--- THE TASK ---
Under this line are the records; repeat exactly the lines starting at the one containing "Escritor John Reuel Tolkien. INTERNET/Medios" and ending at the one containing "3 Prong Cord Diagram", omitting pictures.

--- INPUT RECORDS ---
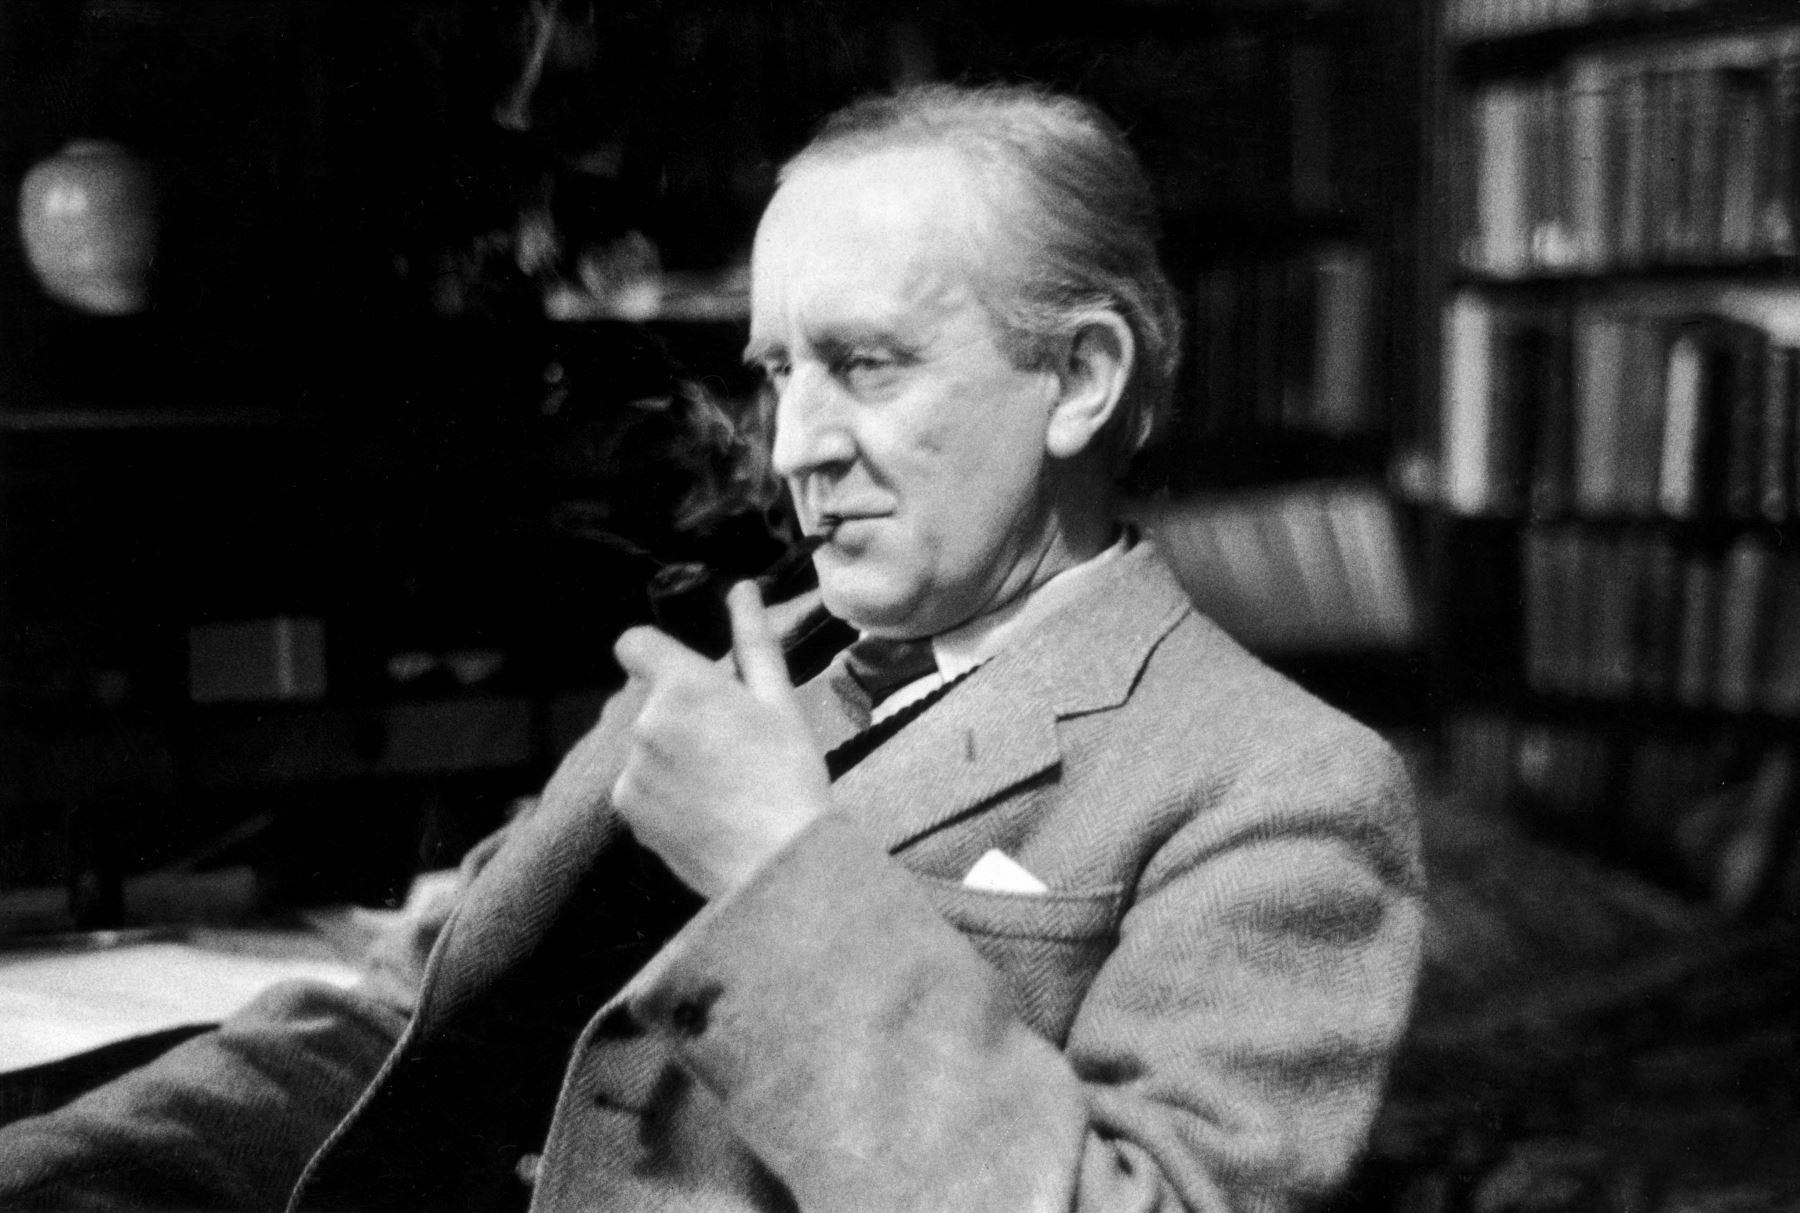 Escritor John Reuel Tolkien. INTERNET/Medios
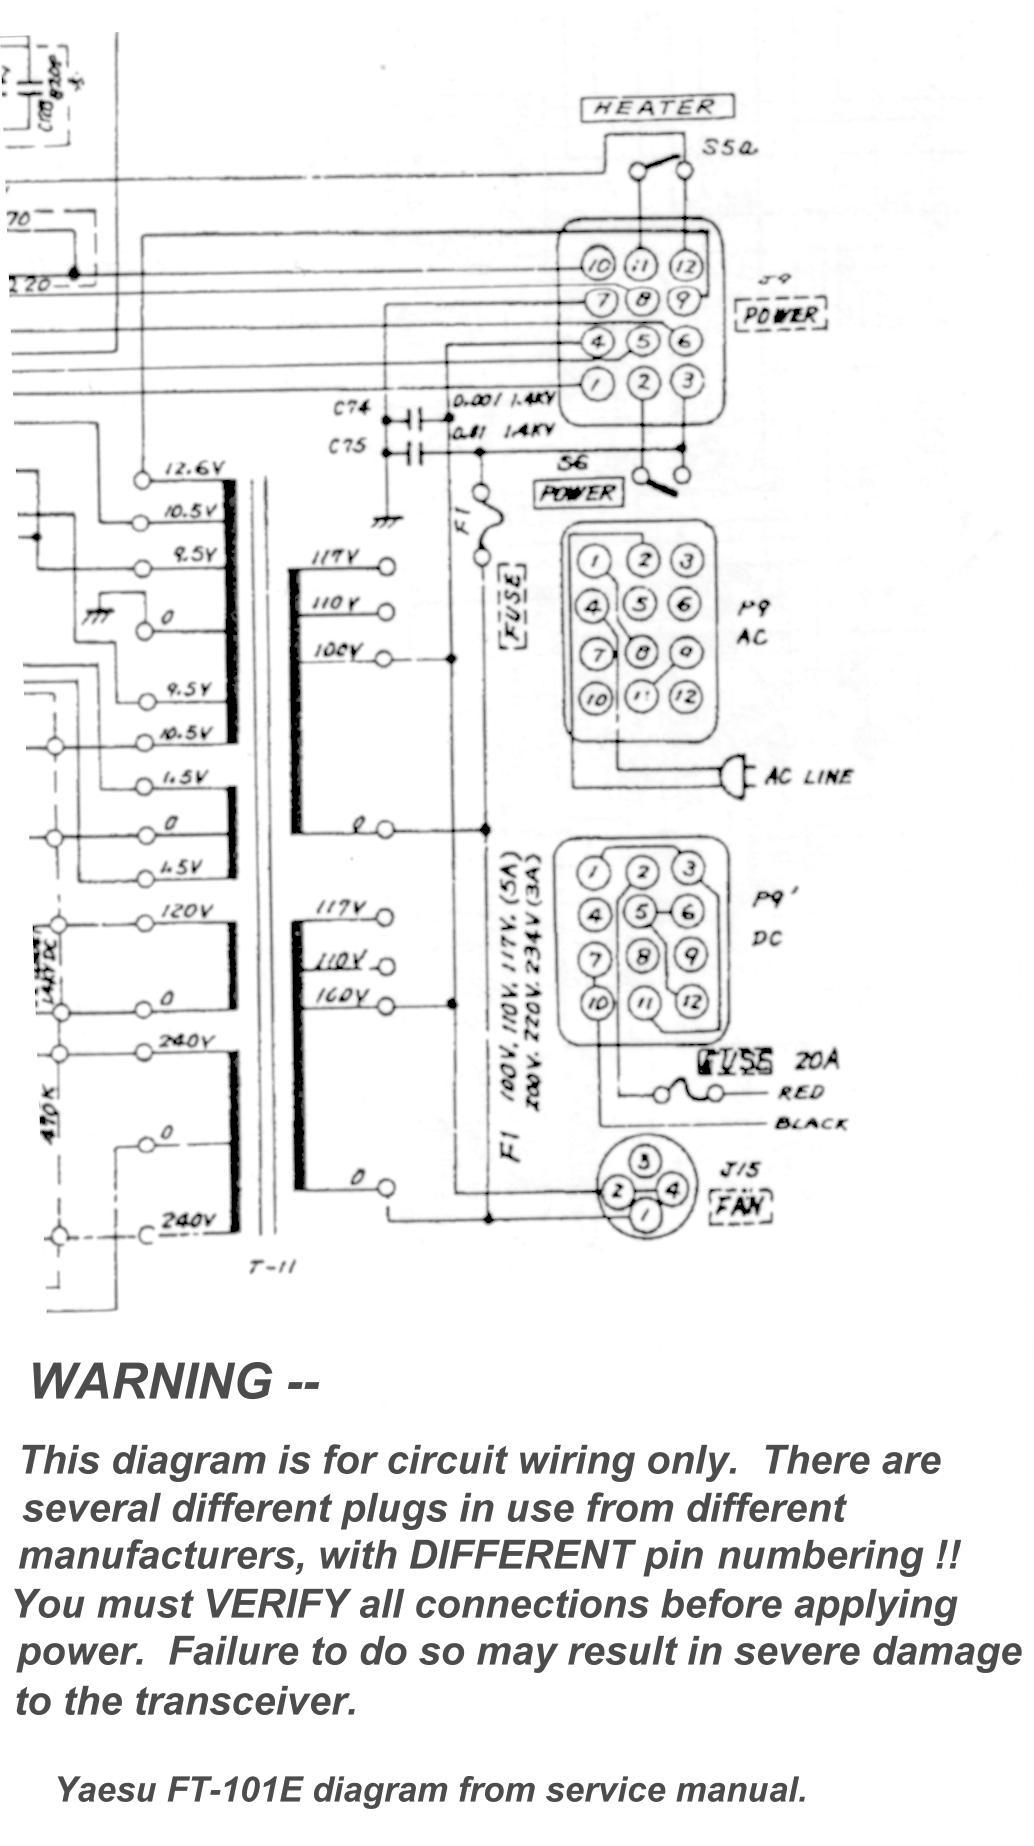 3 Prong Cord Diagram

...

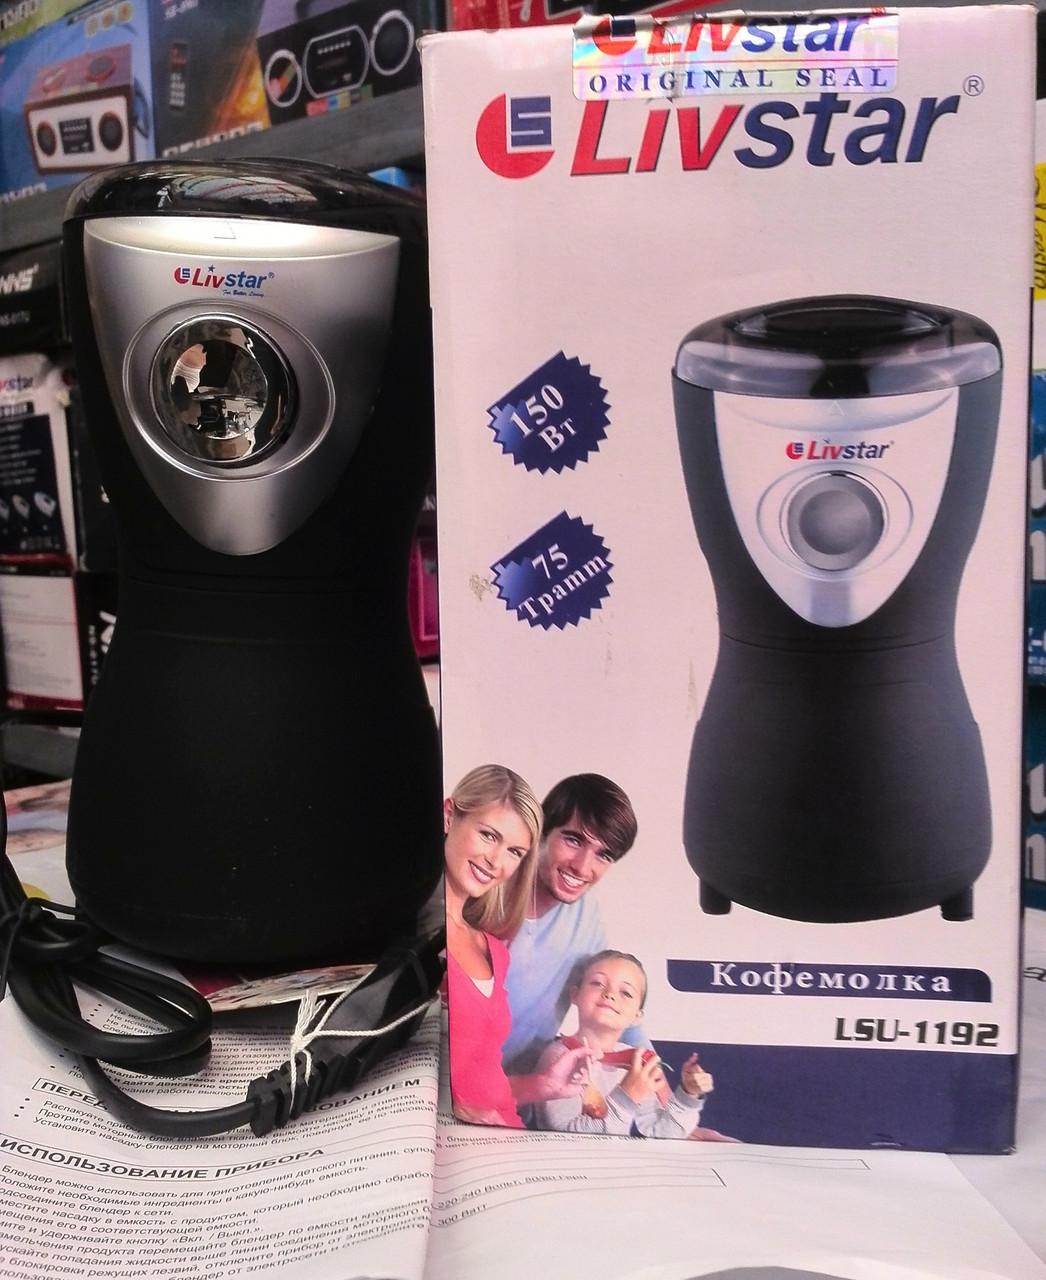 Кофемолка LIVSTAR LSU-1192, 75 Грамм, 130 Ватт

--- TASK OUTPUT ---
 Escritor John Reuel Tolkien. INTERNET/Medios
 3 Prong Cord Diagram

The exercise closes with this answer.